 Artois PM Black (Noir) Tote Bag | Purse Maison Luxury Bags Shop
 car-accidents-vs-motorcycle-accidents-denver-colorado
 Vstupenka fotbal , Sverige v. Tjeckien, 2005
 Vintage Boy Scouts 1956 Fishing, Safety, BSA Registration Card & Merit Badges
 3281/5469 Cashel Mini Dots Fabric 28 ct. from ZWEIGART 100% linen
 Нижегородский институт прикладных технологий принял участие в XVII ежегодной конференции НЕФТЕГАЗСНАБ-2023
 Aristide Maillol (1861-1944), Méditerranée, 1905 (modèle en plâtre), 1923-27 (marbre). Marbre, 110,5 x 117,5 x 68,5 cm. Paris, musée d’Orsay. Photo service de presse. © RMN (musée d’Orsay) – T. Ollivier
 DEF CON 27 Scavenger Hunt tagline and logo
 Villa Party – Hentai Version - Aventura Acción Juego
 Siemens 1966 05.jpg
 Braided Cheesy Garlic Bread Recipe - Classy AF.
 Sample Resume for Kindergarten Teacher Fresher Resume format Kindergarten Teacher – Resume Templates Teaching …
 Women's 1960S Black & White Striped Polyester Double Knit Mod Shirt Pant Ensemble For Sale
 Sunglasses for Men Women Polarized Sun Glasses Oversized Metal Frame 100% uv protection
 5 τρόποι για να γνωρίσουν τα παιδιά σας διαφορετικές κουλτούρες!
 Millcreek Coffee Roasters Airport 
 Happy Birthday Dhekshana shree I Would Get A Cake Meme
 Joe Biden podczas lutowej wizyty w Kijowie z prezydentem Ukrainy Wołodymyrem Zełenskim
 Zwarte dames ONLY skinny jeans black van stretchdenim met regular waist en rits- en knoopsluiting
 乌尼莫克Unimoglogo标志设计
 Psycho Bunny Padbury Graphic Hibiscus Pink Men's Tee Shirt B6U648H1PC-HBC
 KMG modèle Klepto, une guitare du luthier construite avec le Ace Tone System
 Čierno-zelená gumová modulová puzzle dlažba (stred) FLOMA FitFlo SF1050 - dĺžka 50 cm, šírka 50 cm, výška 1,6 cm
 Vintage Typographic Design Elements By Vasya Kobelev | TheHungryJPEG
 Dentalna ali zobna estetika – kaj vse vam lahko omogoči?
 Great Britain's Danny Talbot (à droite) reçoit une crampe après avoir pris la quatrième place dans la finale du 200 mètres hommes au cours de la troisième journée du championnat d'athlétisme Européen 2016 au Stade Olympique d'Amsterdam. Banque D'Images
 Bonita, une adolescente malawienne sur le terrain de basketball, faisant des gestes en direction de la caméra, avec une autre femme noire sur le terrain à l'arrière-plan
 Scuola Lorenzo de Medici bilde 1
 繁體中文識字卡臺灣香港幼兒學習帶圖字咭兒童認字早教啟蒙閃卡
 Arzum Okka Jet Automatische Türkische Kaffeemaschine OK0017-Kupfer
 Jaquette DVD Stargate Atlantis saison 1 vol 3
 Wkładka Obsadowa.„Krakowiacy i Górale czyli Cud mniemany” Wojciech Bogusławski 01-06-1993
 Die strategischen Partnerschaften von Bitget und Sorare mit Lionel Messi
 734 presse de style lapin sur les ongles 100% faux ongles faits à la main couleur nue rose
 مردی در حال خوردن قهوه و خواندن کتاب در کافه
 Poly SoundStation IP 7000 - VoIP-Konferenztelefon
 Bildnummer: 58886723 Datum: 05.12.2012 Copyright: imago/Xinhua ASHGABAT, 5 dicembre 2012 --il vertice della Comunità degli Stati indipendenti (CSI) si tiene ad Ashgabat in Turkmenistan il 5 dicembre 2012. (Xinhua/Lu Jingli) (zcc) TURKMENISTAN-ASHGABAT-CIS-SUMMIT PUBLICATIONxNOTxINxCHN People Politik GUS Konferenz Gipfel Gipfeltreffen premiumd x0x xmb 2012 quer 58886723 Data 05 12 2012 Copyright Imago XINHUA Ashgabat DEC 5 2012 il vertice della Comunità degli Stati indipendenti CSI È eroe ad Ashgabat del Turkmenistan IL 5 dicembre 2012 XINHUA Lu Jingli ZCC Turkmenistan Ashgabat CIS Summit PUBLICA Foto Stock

══════════

*Task details:* Using the entries above, give again exactly the lines from the line holding "Sample Resume for" through the line holding "Psycho Bunny Padbury". Include both end lines and nothing else.

*Result for this task:*
 Sample Resume for Kindergarten Teacher Fresher Resume format Kindergarten Teacher – Resume Templates Teaching …
 Women's 1960S Black & White Striped Polyester Double Knit Mod Shirt Pant Ensemble For Sale
 Sunglasses for Men Women Polarized Sun Glasses Oversized Metal Frame 100% uv protection
 5 τρόποι για να γνωρίσουν τα παιδιά σας διαφορετικές κουλτούρες!
 Millcreek Coffee Roasters Airport 
 Happy Birthday Dhekshana shree I Would Get A Cake Meme
 Joe Biden podczas lutowej wizyty w Kijowie z prezydentem Ukrainy Wołodymyrem Zełenskim
 Zwarte dames ONLY skinny jeans black van stretchdenim met regular waist en rits- en knoopsluiting
 乌尼莫克Unimoglogo标志设计
 Psycho Bunny Padbury Graphic Hibiscus Pink Men's Tee Shirt B6U648H1PC-HBC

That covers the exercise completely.